I have an addiction. Ok, yes, I know you know I am addicted to glass. That one is obvious. However, this addiction is new. I am not admitting this as part of some 12 step program because it's an addiction I am not ready to let go of just quite yet. The addictions is murrini. Not martini, but MURRINI. I am not going to go into a big long explanation of that it is, but will tell you it's glass, created with different colors of glass being layered together into a cane and then cut into usable pieces. These pieces are then used to decorate other glass beads! Because of this new addiction, I have been buying lots of murrini in just about every color combo I can get my hands on. Theoretically, I could make it myself. However, my time at the torch is limited. murrini are time intensive, and there are others that make and sell fun color combos that I am more than happy to buy from. A couple of the sellers I have personally purchased from are Lori and Kim and Feng Frit Factory. Both have fast shipping and gorgeous selections. One thing to keep in mind is half of the Feng Frit Factory duo lives in the Netherlands. The murrini she creates ships directly from there. However, the portion of the order from the Netherlands arrived more quickly than I thought it would. One of the other issues of collecting lots of different colors of murrini is organization and storage. I am obsessed with organization. I think mostly because I am so unorganized myself and don't like it. Here is what I came up with for the murrini: Using my 40% off coupon at Michael's I purchased this bead organizer. And look at that! I have room to expand! I LOVE it when I have extra space to fill! Because I am so anal retentive about stuff, I also peeled the labels off the baggies the murrini came in and attached them to the jar where they were relocated.
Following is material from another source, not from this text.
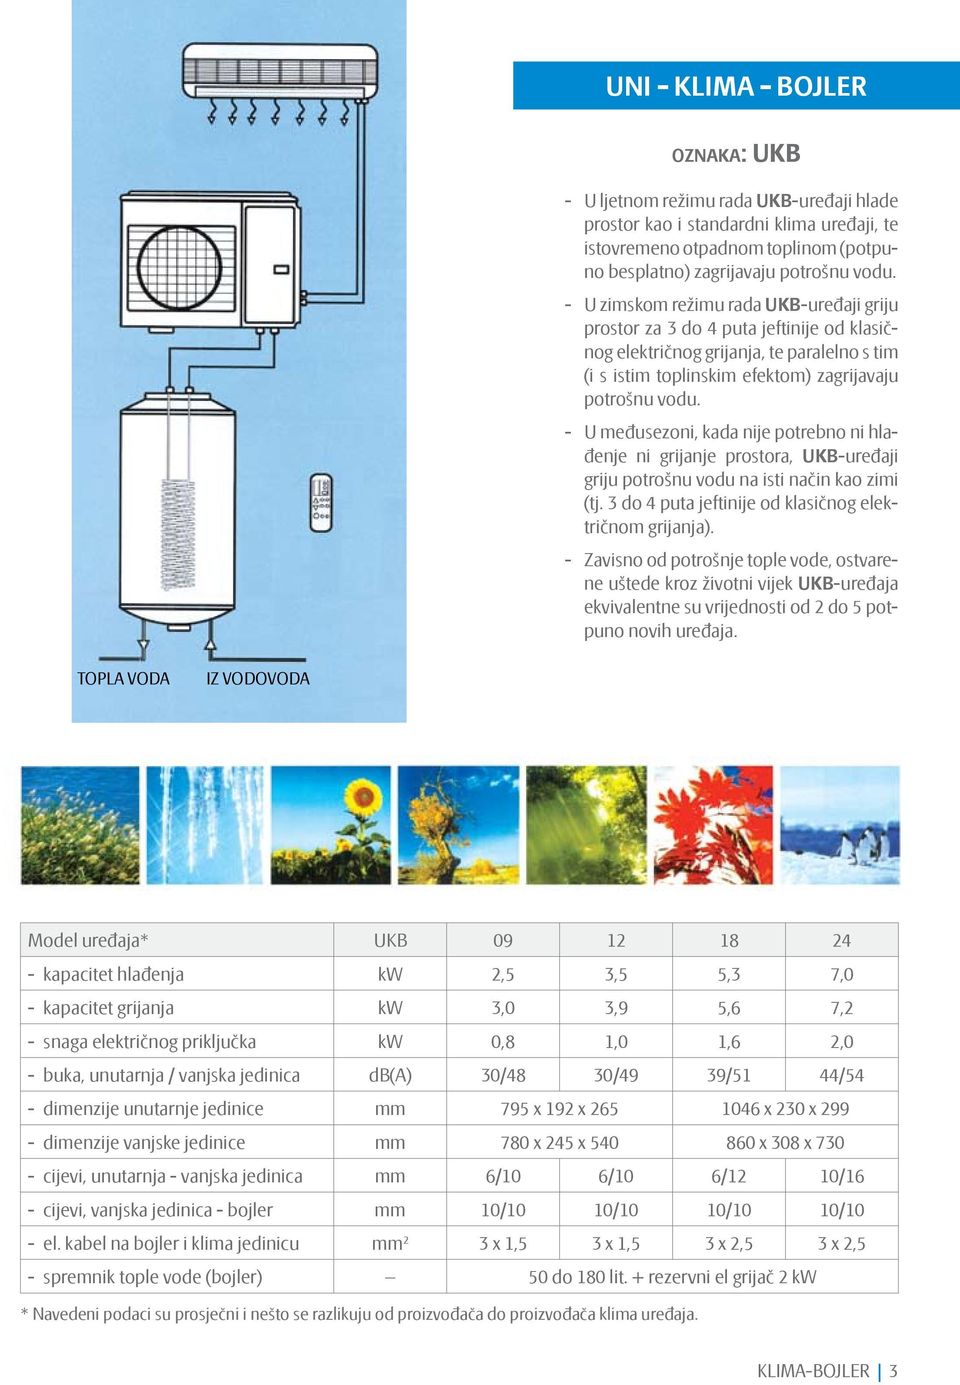 U međusezoni, kada nije potrebno ni hlađenje ni grijanje prostora, UKB-uređaji griju potrošnu vodu na isti način kao zimi (tj. 3 do 4 puta jeftinije od klasičnog električnom grijanja).

Some labels did not peel off very well, so I will need to make labels for those jars. This will help me with reordering in the future.
For those of you who do not work with glass, you may not realize that the type of glass I work with is called "soft glass" and it shocks more easily than borosilicate (aka pyrex). See the photo below for proof with all the bits and pieces of glass on my bench in front of my torch from shocking. The worst is when a tiny piece shocks off and lands on the arm, or down the shirt....
The murrini likes to shock, even with gentle heat introduction (hold it far out in the coolest part of the flame, wave it in and out of the flame). So I solved this problem by placing a candle warmer next to my torch. I plug it in and turn it on when I start ramping up the kiln for the day. I haven't had a single murrini shock since using this candle warmer. Perhaps I should start using it for all my glass rods!
The bead shown at the top of this post was created using murrini and completely melting it flat. This next one the murrini were melted in, but left slightly raised, then a blob of clear added on top to magnify. A very cool effect! Both beads can be found in my etsy shop.



Great ideas! Thanks for the storage tips!
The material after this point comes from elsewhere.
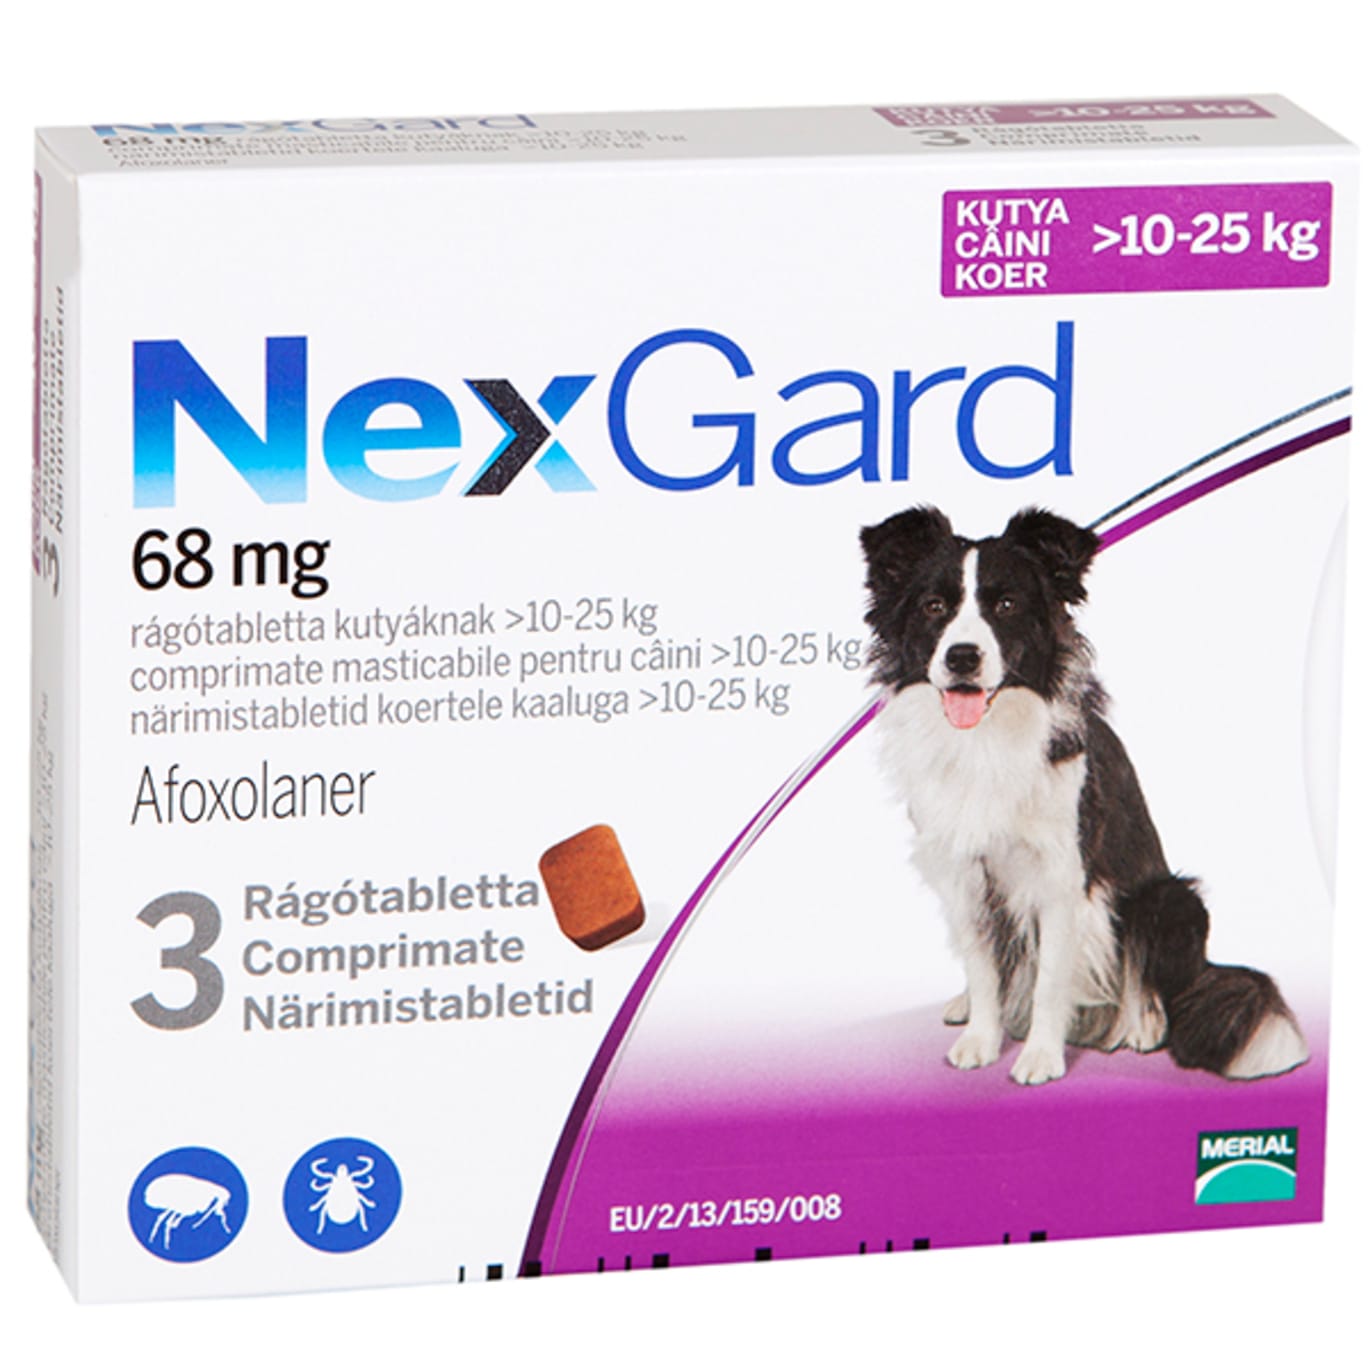 Nexgard 68mg For Dogs

Jennifer - thank you for sharing! As you know, I just received my murrini from Lori and Kim, and I still need practice applying it. But I couldn't help myself and bought it anyway. I have some murrini I bought after I took my first class, but after I melted it onto my tweezers I kind of gave up on it. So now I'm using that for practice before I dive into the good stuff (aka loriandkim murrini). I don't even know what I'm going to do with it ~ it was just too pretty to pass up. So I really appreciate the candle-warmer tip. I've heard of people putting on the marver that's attached to the torch (I don't have one of those, though), too. And I love your storage idea. That would work for frit, too.

Lori Peterson

Awww, thank you for all your wonderful comments, Jennifer! I am amazed by your gorgeous beads and so proud that we could be a small part of that creation. I'm so tickled by seeing this blog post!!! Thank you!!!

Jennifer Cameron

Lauren~if you have it on the candle warmer, you don't even need to pre heat in the flame, so no risk of melting to your tweezers. If you can get a tight flame, spot heat pretty hot without loosing control where you want the murrini to go. Grab the chip with tweezers off the warmer, and poke it into the bead. Slowly heat so it doesn't melt off to the side. I will sometimes touch the marver to flatten it as I melt it in, or poke w/ tungsten in the center to get the lines to meet up. Does this make sense?